Deep learning uses artificial neural networks to learn complex patterns in any type of data⁵. In contrast to conventional machine learning which mainly uses structured data, e.g. tabular data, the so-called deep models (deep artificial neural networks) can take in unstructured data including text, sound, and image, without pre-processing or pre-extraction of features. This makes deep networks extremely useful in real-life applications, including medicine. Deep models are mainly composed of multiple layers of connected artificial neurons. The general workflow of training and using a deep model in a supervised manner includes presenting the model with enough samples so the model can be properly trained to perform the desired task on new cases⁵.

It has been shown that searching in an indexed dataset with image-level labels may provide a base for computational consensus^6–9. An index dataset can be called an “atlas” of medical information where previously established knowledge is stored and can be retrieved for patient matching. In such an atlas, newly encountered cases, i.e., new patients, are indexed using the same methods and are matched against all the atlas cases to find the most similar patients. Diagnosis, staging, prognosis, and any other decision or prediction can be then inferred from the top similar atlas patients for which all outcomes are known.

Indexing visual content as generating a vector is the major task for atlas creation. While deep networks are mainly used as classifiers to provide definite labels on the input data, it has been shown that the numerical representations of some pre-decision layers of the network, also called embeddings or deep features, contain important information about the content of the input data^10,11. The concept of image retrieval in an atlas using deep features has been used in both radiology and pathology^7,8,12. Any deep network can be used to obtain deep features, but the architecture of the network and the data it has been trained on can greatly affect the representativeness of the features for the task at hand.
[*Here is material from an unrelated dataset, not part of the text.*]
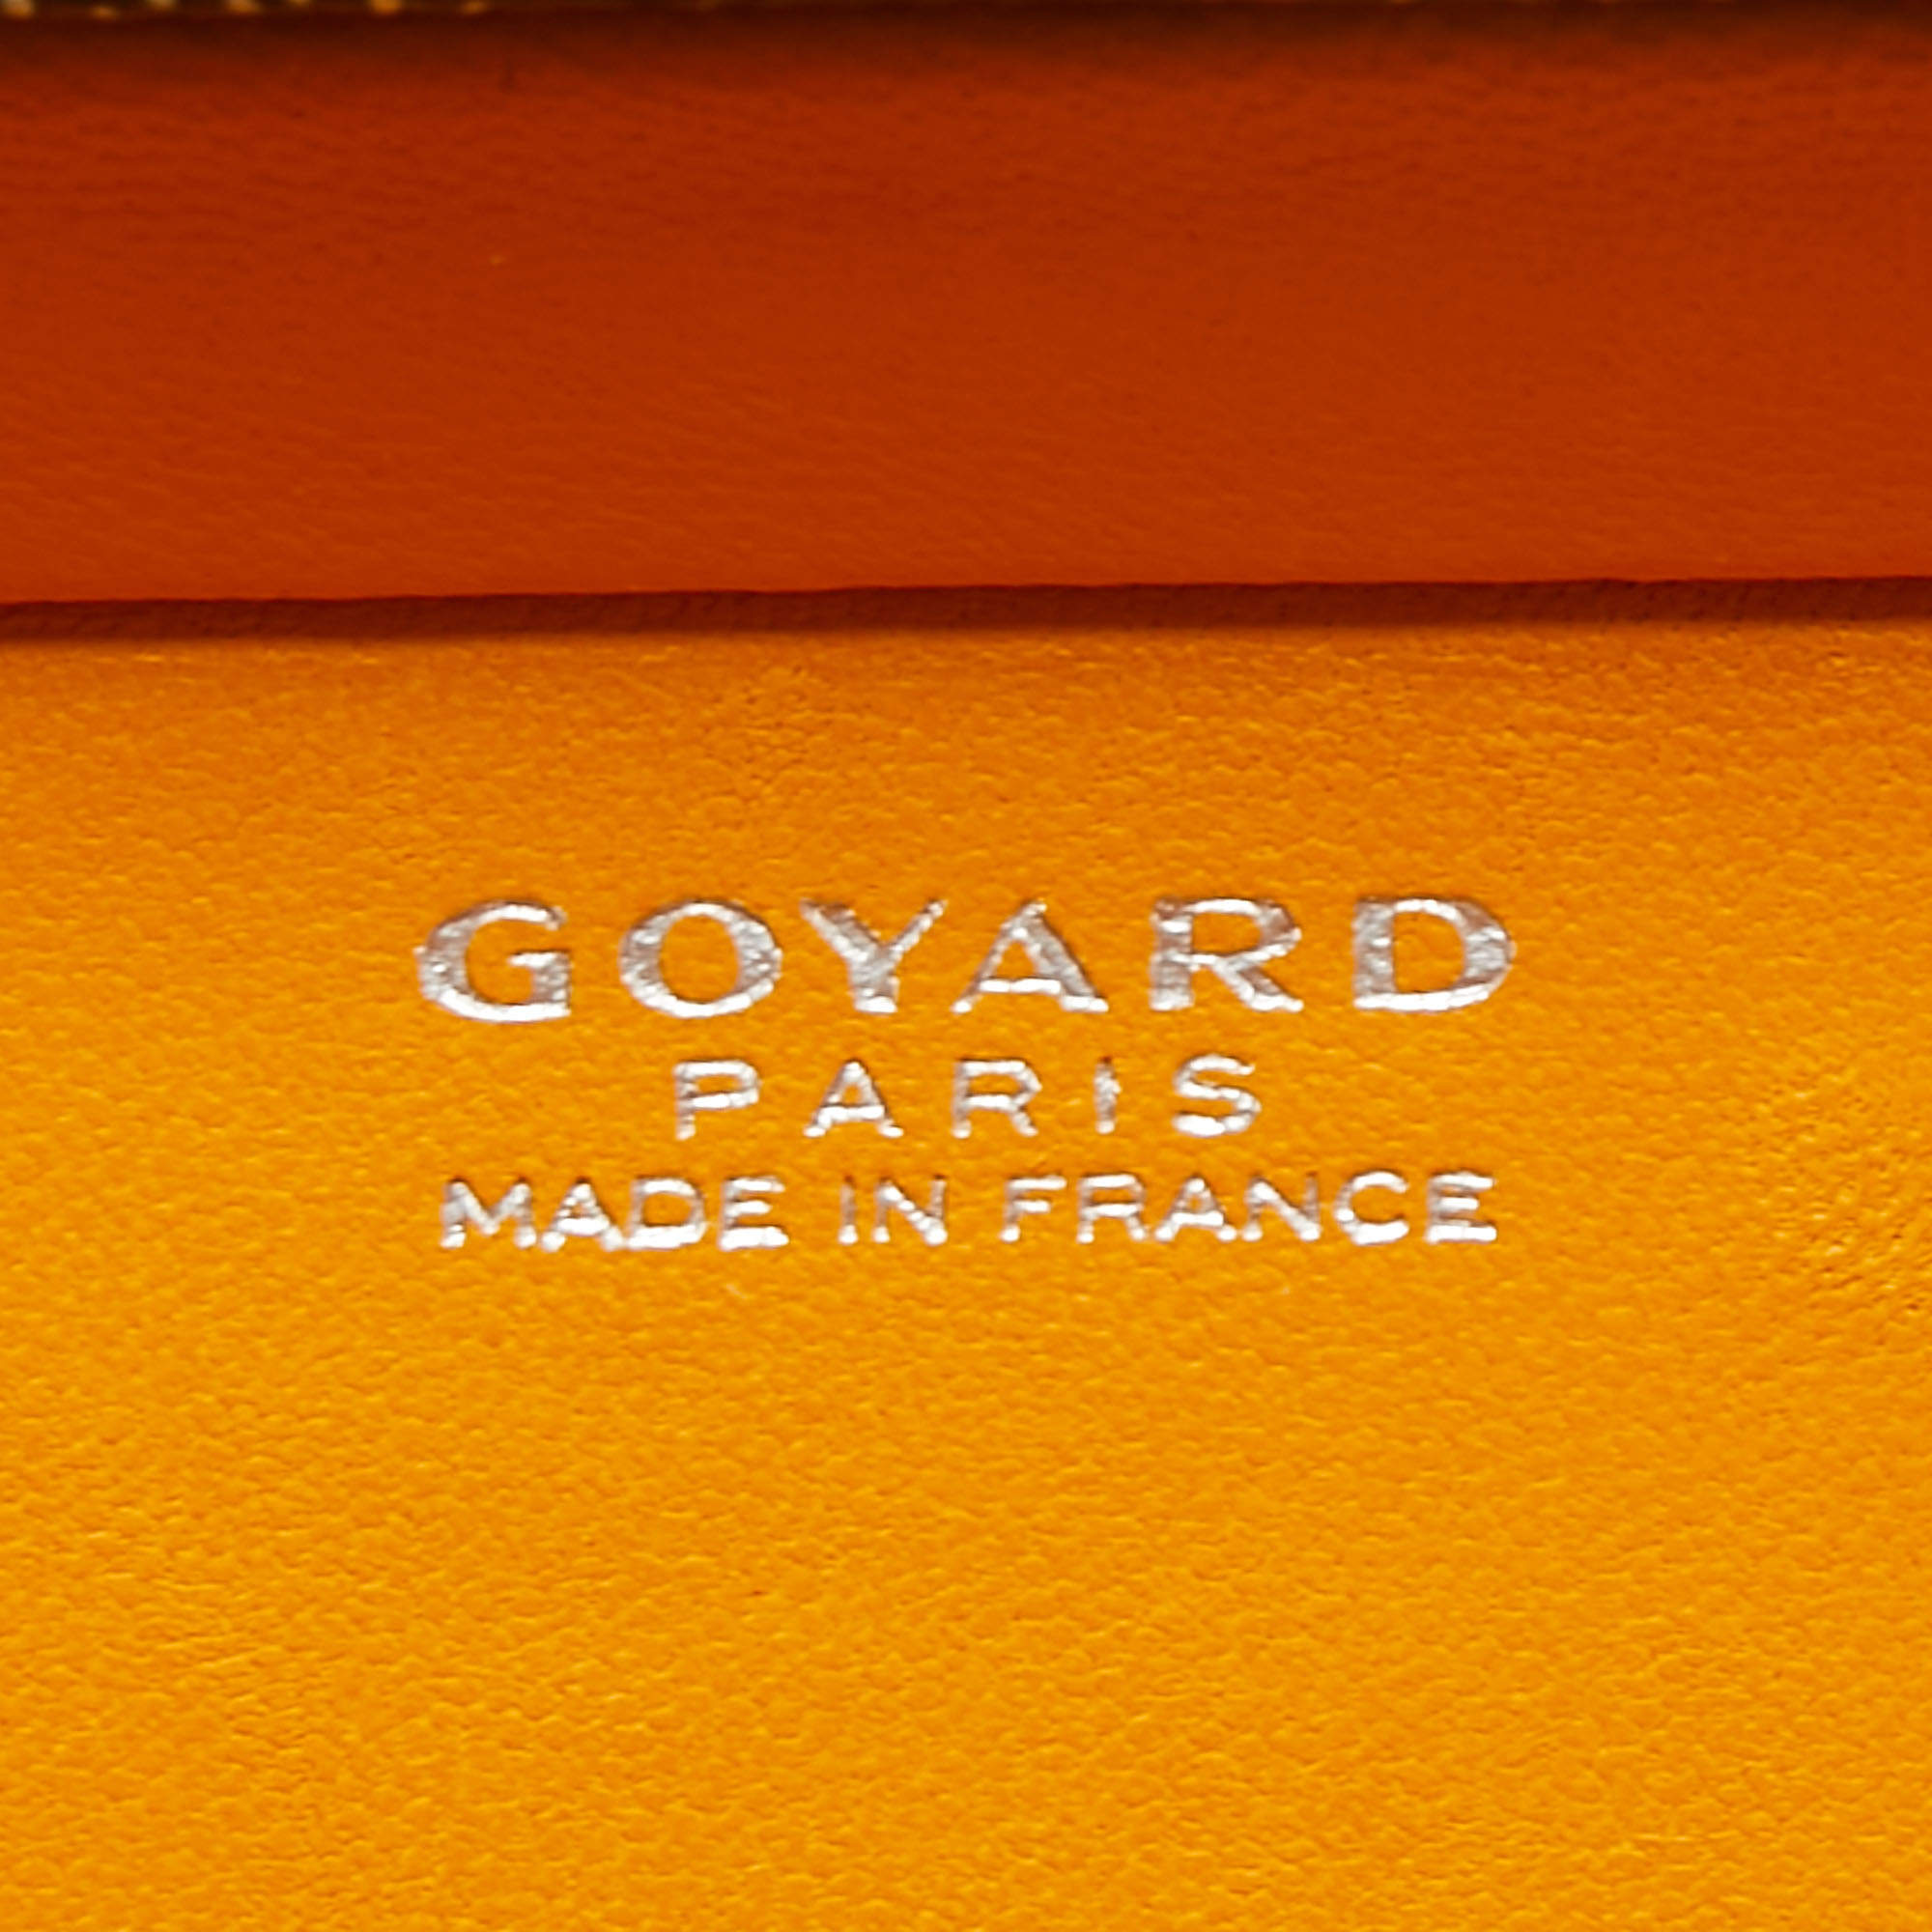 Vendôme leather handbag Goyard Black in Leather - 27673296
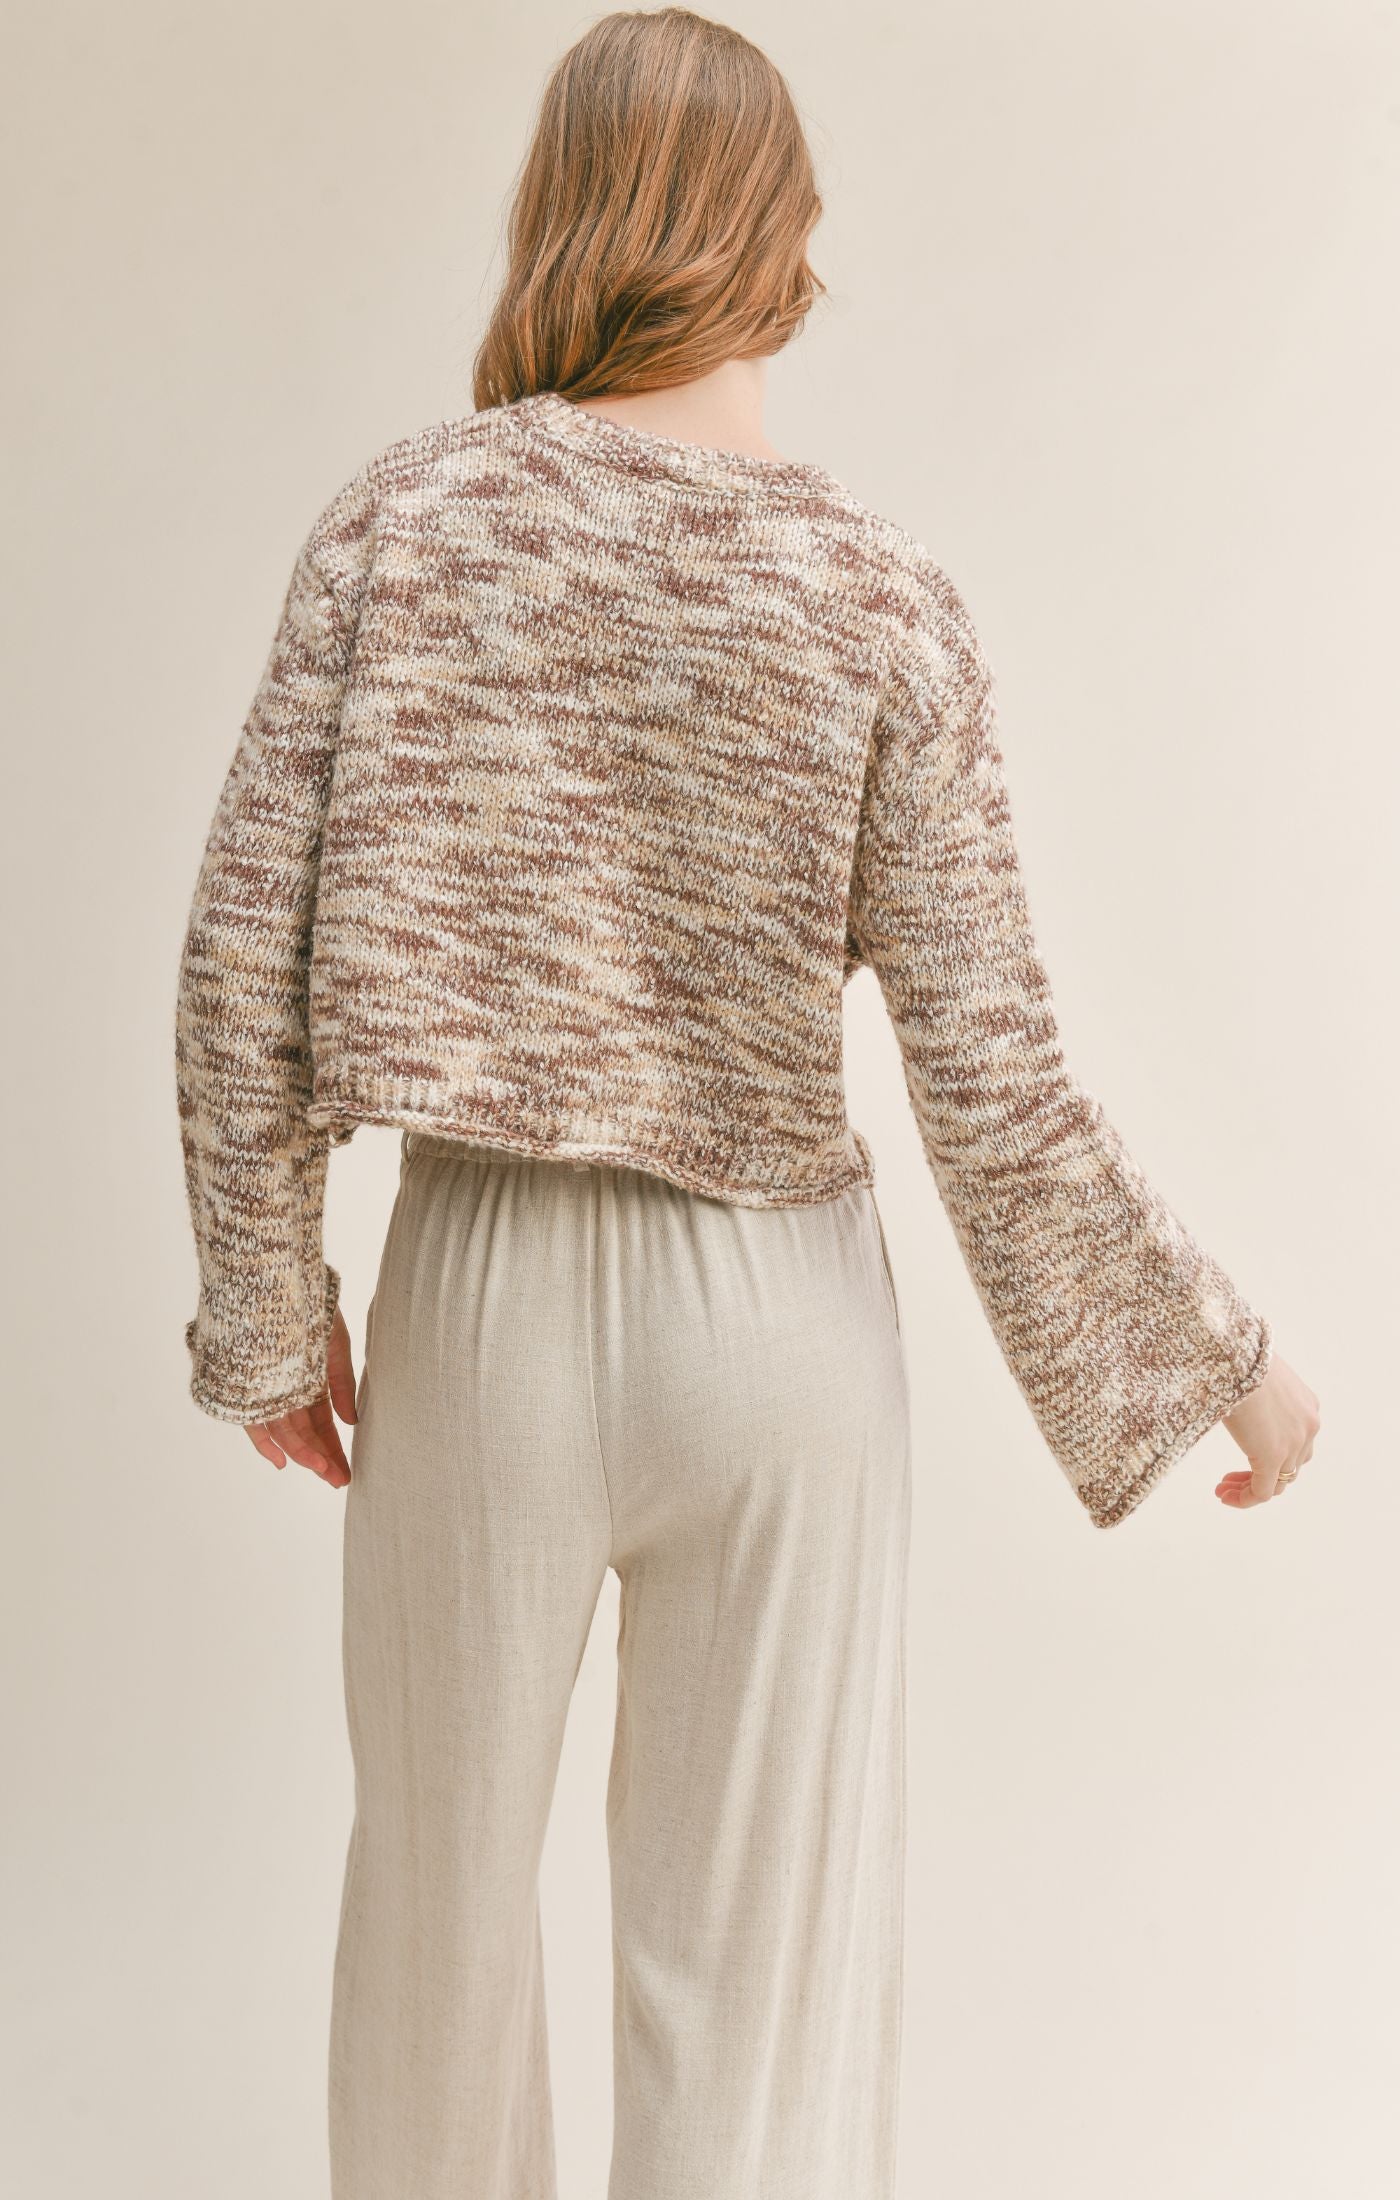 The Gabriella Bell Sleeve Sweater

For instance, KimiaNet is a dense convolutional neural network fine-tuned using all diagnostic histopathology images from the TCGA repository¹³. Vision transformers have also shown a promising ability to capture the details in a given image^14,15.

While deep networks are widely used for generating deep features from images, they also impose limitations regarding image size. State-of-the-art graphical processing units (GPUs) which are commonly used in deep learning can process up to a certain size of the image in each iteration. Therefore, any whole slide image (WSI) processing requires the image to be broken down into many smaller images, also known as patches¹⁶. While patching gigapixel WSIs is a crucial step in computational pathology, one WSI can generate several hundred and even several thousands of patches of ordinary size, say 224 by 224 or 512 by 512 pixels, depending on the size of the WSI, magnification, and the biopsy type. One approach would be to feed all the patches into the deep network and use the output for the downstream tasks. Such a brute-force approach would require massive computational power, a factor that would limit the adoption of the technology.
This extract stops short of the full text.